Rejoicing and exclaiming its great faith and hope for humanity, the Church today celebrates Easter, the feast of the Resurrection of the Lord.
The Church’s first celebration of the Lord’s victory over earthly death occurs in the marvelous liturgy of Holy Saturday, the Easter Vigil, when most parishes receive new members into the Church. In this vigil liturgy, the symbols of fire, light and water magnificently suggest the mystery, and the promise, of the Resurrection.
The readings are read in the Mass on Easter itself. The first reading is from the Acts of the Apostles. (Indeed readings from Acts will occur again and again during the Easter Season.)
Acts is very interesting, giving us insight into the life of the first Christians. Gathered in Jerusalem, around the Apostles, with Mary among them, they lived in charity, prayer and faith. The first Christians furnish examples for us. Their reverence for the Apostles, and obvious submission to the Apostles, teach us even as we live in the structure of the Church today.
Readings from Acts also tell us that we are not separated from the miracle of Jesus in the world. The Apostles link us with the Lord. Led by Peter, they preached in the name of Christ.

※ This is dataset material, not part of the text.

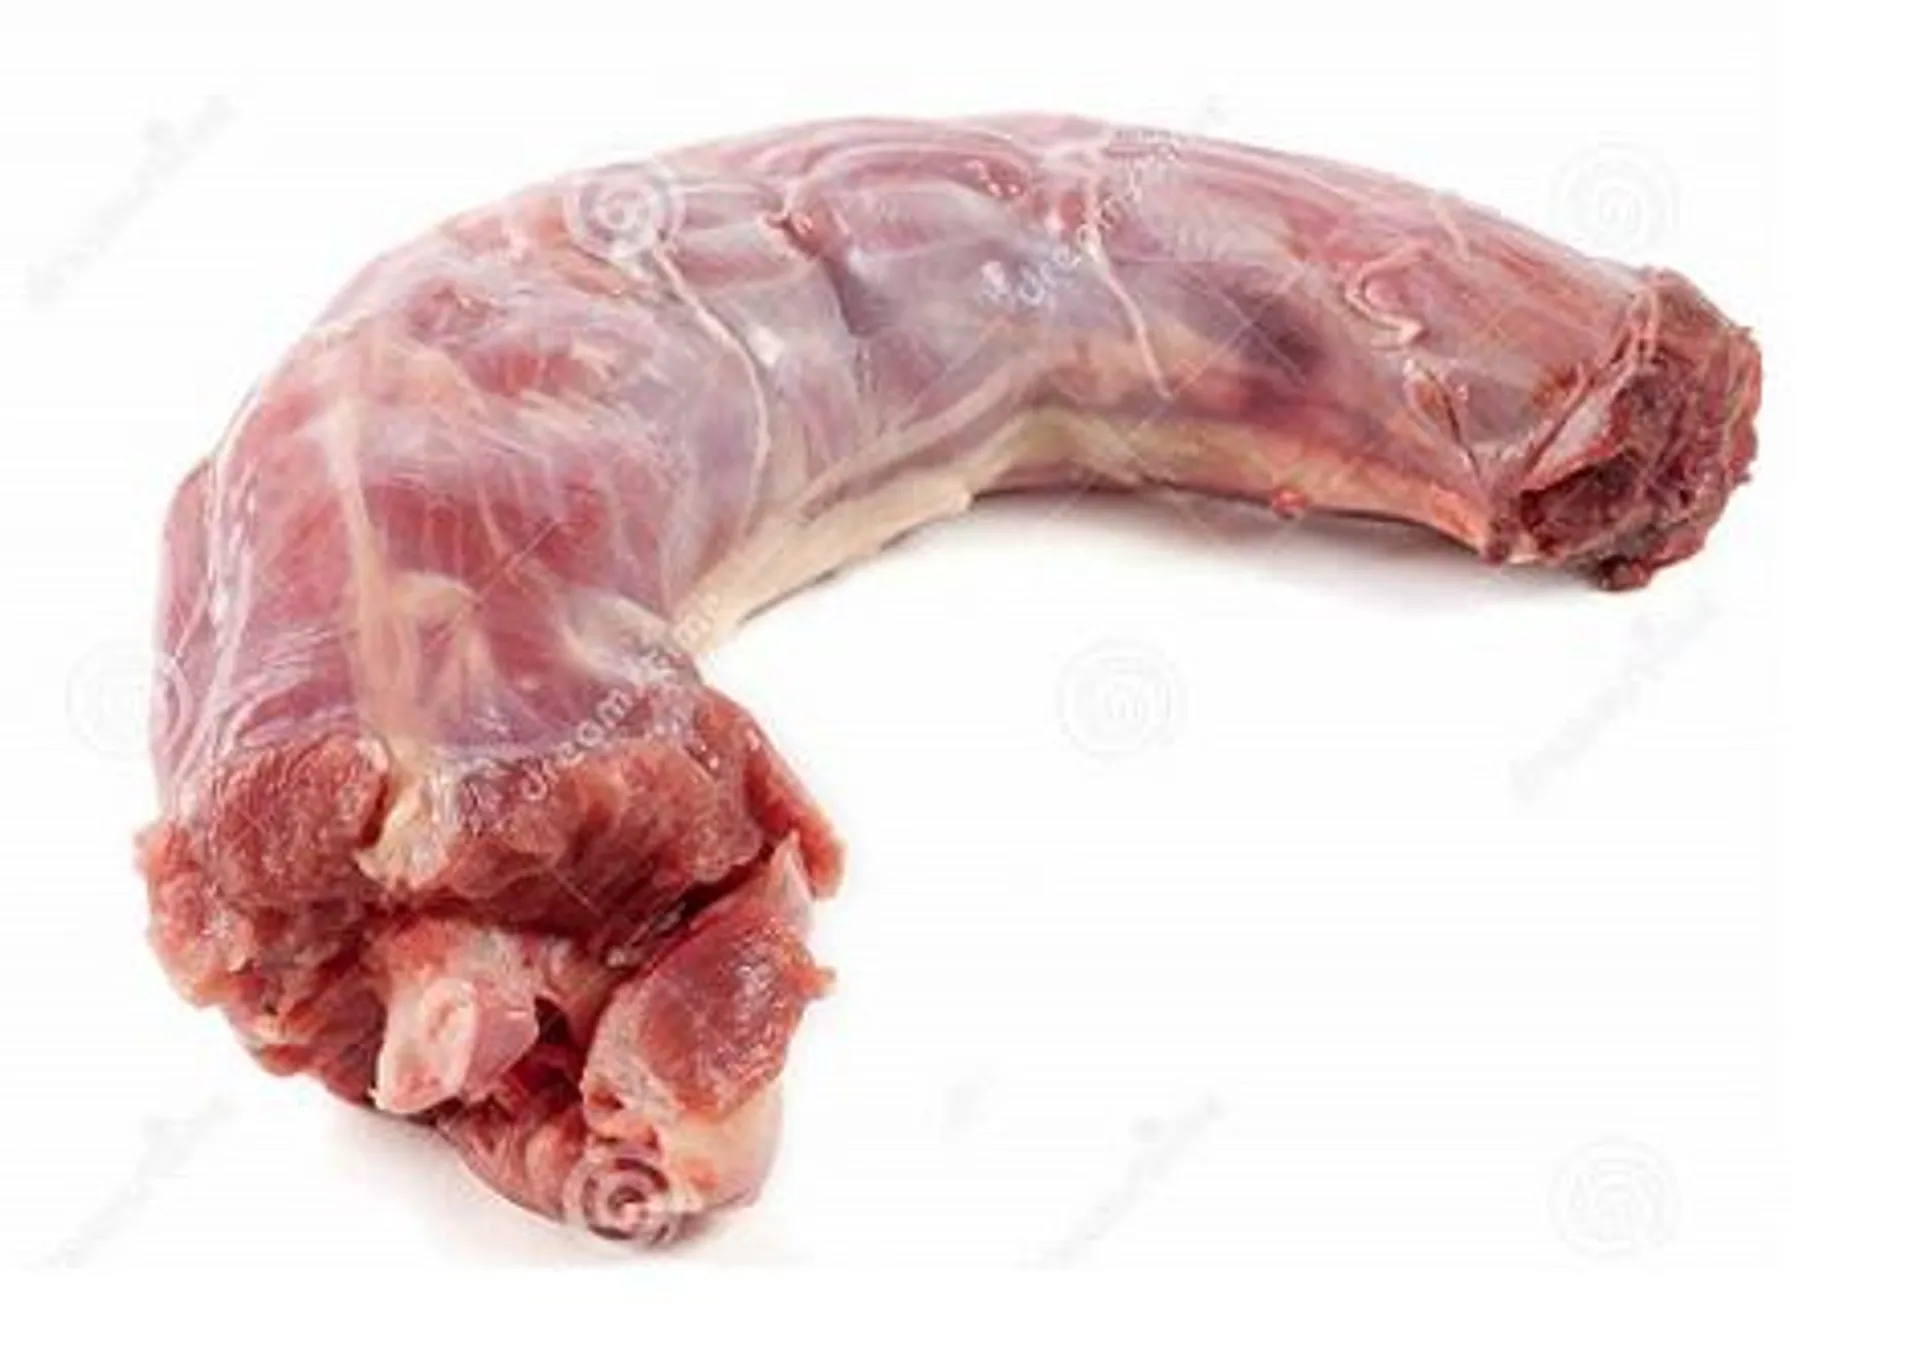 Turkey neck (approx 2lb) - 1pack

They cured the sick in the Lord’s name. They guided the people toward God, just as Jesus had guided people toward God.
Today’s reading recalls Peter’s preaching. (Notice that Peter speaks for all the Apostles.) Scholars call this sermon “kerygmatic,” from the Greek word for message, “kerygma.” This reading, and the others, is crisp but profound in giving the fundamental points of the Gospel. Jesus, God’s messenger, also was the Savior, crucified on Calvary. He is the source of eternal life.
Paul’s Epistle to the Colossians provides the second reading. It emphasizes that Christians, by Baptism and by their faith, possess new life. They live because they are bonded with the living Christ. As Christ is in heaven, so the thoughts of Christians must be on heaven.

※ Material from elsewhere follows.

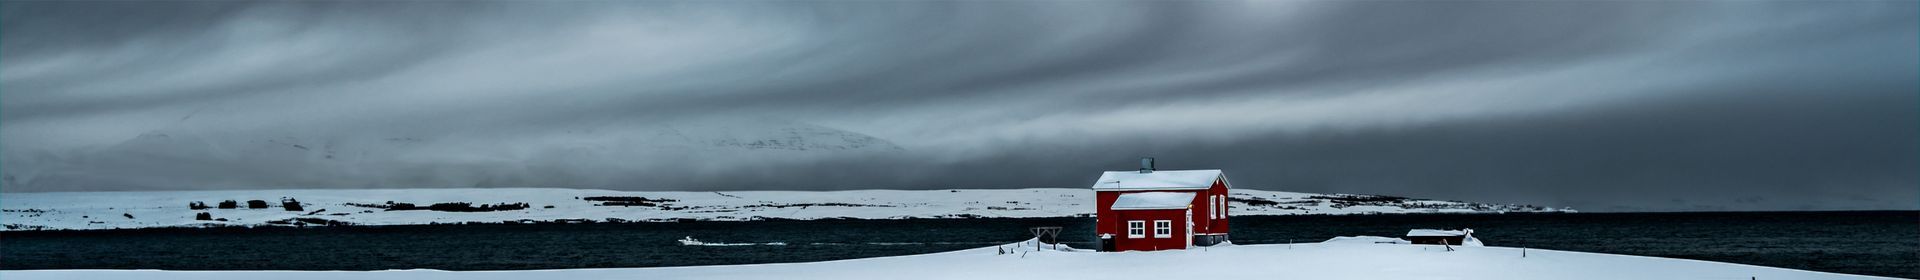 a red house in the middle of a snowy field on a cloudy day .

For its last reading, for its excited proclamation of the Resurrection, the Church presents to us a passage from John’s Gospel. It is an account of the first Easter morning. Mary of Magdala went to the tomb, but she found it empty. So she rushed to inform Peter. (Again, in this book of the New Testament quite separate from Acts, the importance of Peter is revealed.) Reaching Peter, she anxiously said that the Lord’s body had been taken away.
“The disciple whom Jesus loved,” traditionally thought to have been the Apostle John even though the Gospel never identifies him as such, and Peter hurried to the tomb. The disciple arrived first, but he waited for Peter, another indication of Peter’s status.
Peter entered the tomb, saw that it was empty, but evidently did not realize that Jesus had risen. The disciple, however, realized what had occurred. Implied in this is the disciple’s absolute love. It gives him perception.
These readings have lessons for all people. The first is that Jesus is Lord. He triumphed over death, the most universal of human experiences aside from birth itself, and for all living things the end of earthly life.
His earthly life has not ended, however. It endures. He lives! He lives in and through the Church.
Easter wonderfully reassures us. Because of the Church, the Lord touches us. We hear Jesus. We meet Jesus. We share in the Lord’s everlasting life.
All this is because the Apostles formed the Church, first given the strength and life of the Holy Spirit by Jesus. They guided it in their times on earth, and they provided for successors to guide it and nourish it after they died.